Esta semana leía, entre sorpresa y agrado, que se va a considerar delito odiar a los pobres. Seguro que esta decisión va a traer, como nos tienen acostumbrados en los últimos días, discrepancias y opiniones en contra. Seguro que se va a argumentar que es una decisión teñida de colorao y sostenida por dos herramientas de trabajo muy concretas. Porque si ya molesta que se hagan discursos en favor de reaccionar de forma compasiva hacia los más necesitados, hacia los más vulnerables, cuánto más que se convierta en delito la aporofobia.

Seguramente ha sido una coincidencia pero esta semana también celebramos los cristianos, de forma solemne, la fiesta del Corpus Christi. Desde ayer -jueves de Corpus- pasando por el próximo domingo -solemnidad litúrgica- hasta el siguiente jueves -en algunos sitios octava de Corpus- las celebraciones nos van a recordar el imperativo evangélico de la Caridad, que deviene solidaridad comprometida. Y es que adorar a Jesucristo, vivo, presente y real en la Eucaristía, nos tendría que hacer volver la mirada hacia tantas víctimas de un modelo social y económico radicalmente injusto que sigue condenando a tantos y tantos seres humanos a arrastrar la cruz de la miseria y el desprecio.
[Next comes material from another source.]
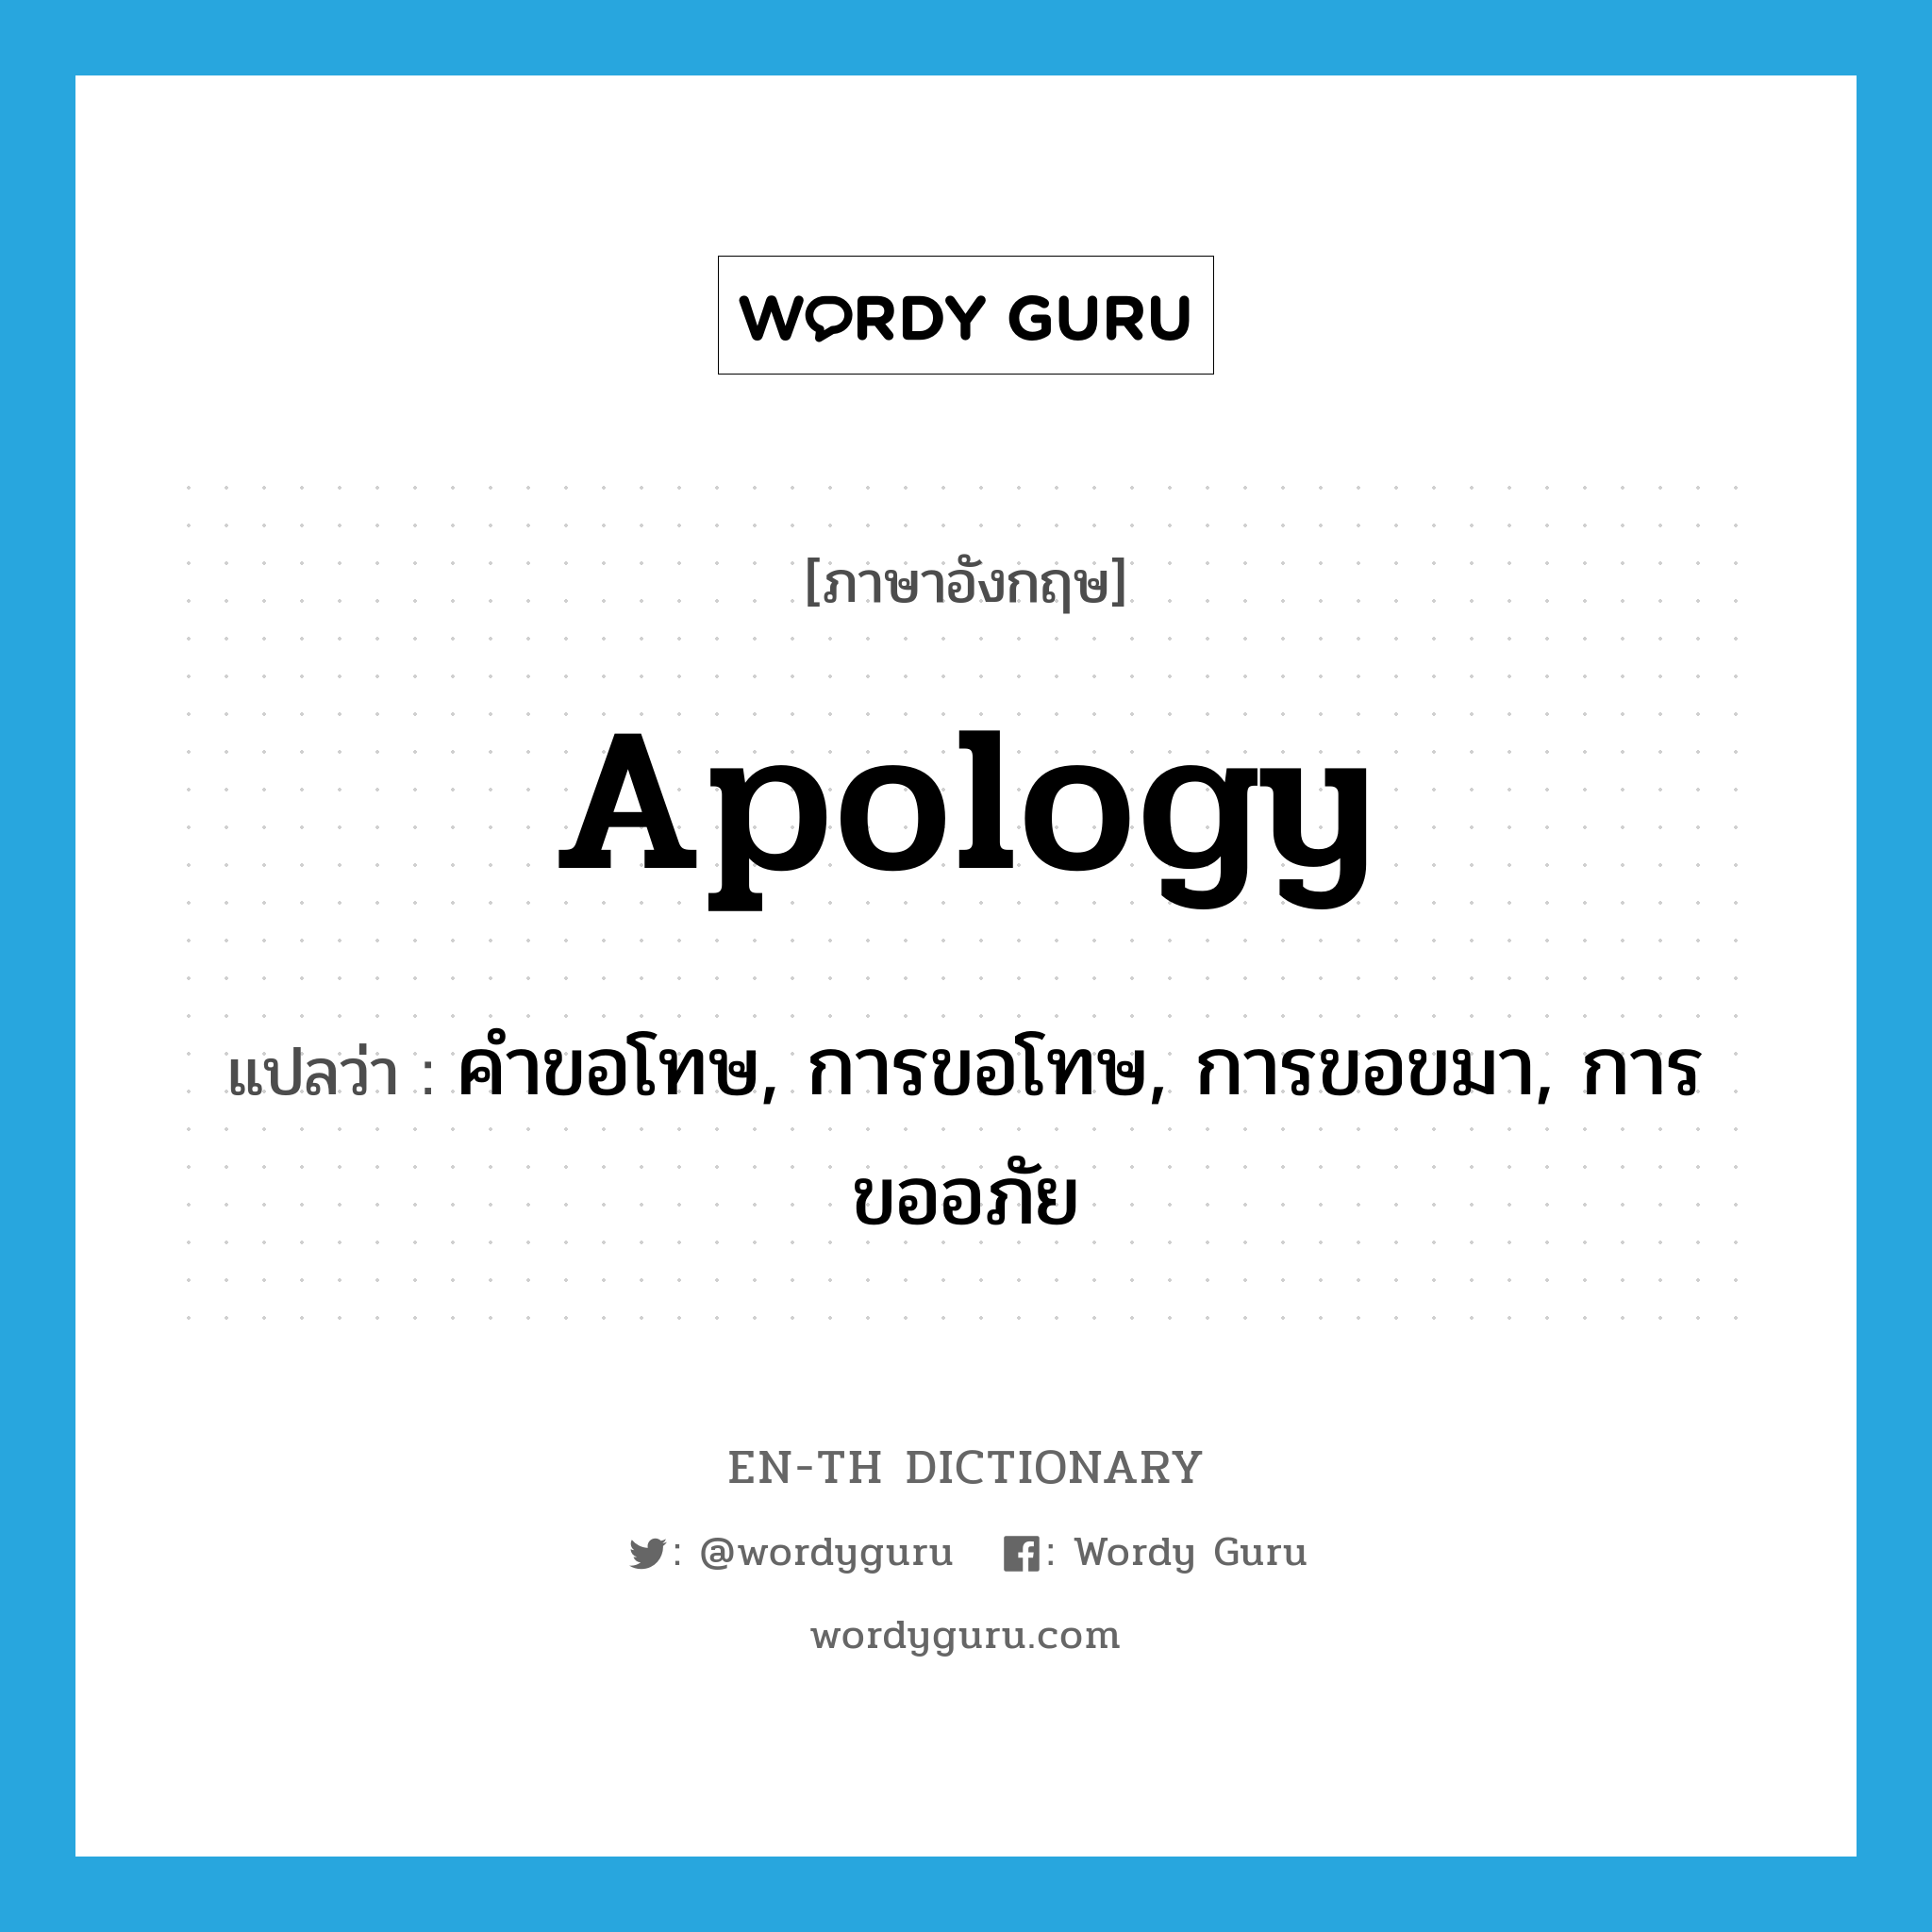 apology แปลว่า?, คำศัพท์ภาษาอังกฤษ apology แปลว่า คำขอโทษ, การขอโทษ, การขอขมา, การขออภัย ประเภท N หมวด N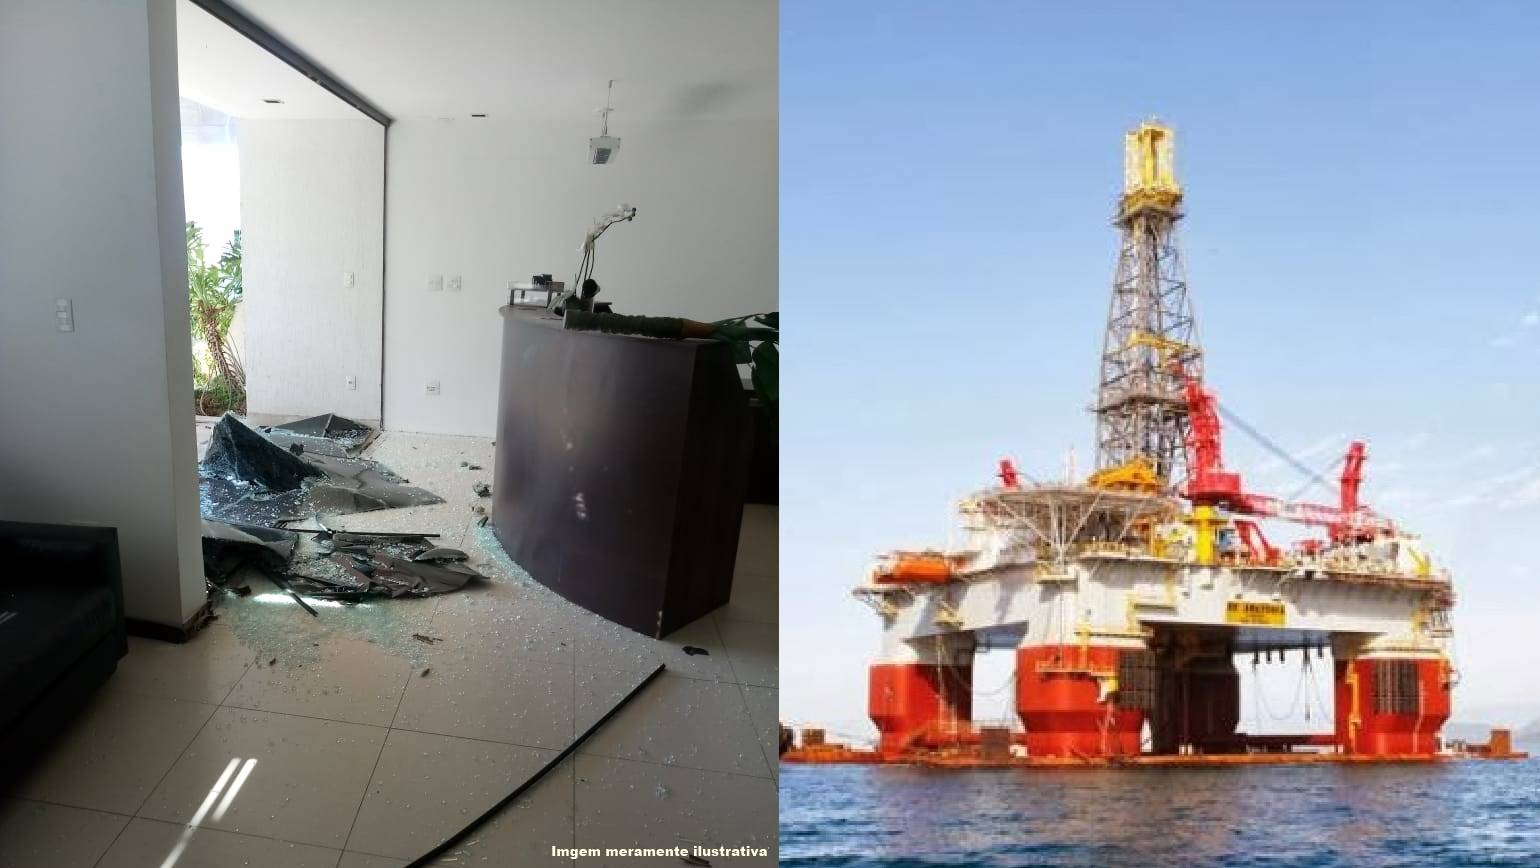 Empresa offshore em Macaé quebrada

Olvidarnos de los pobres, rechazar a los pobres, meter en el discurso del odio a los pobres significa olvido, rechazo y ¿odio? al Dios de Jesús. Ese Dios de la historia que se hace itinerario vital en todas nuestras realidades. Olvidarnos, rechazar y odiar a los más pobres significa dar la espalda a la realidad del sufrimiento, significa que no nos «late» el corazón, porque somos impasibles ante el dolor y sufrimiento ajeno.

¡Ay de nosotros si odiamos a los pobres; ay de nosotros si somos aporófobos!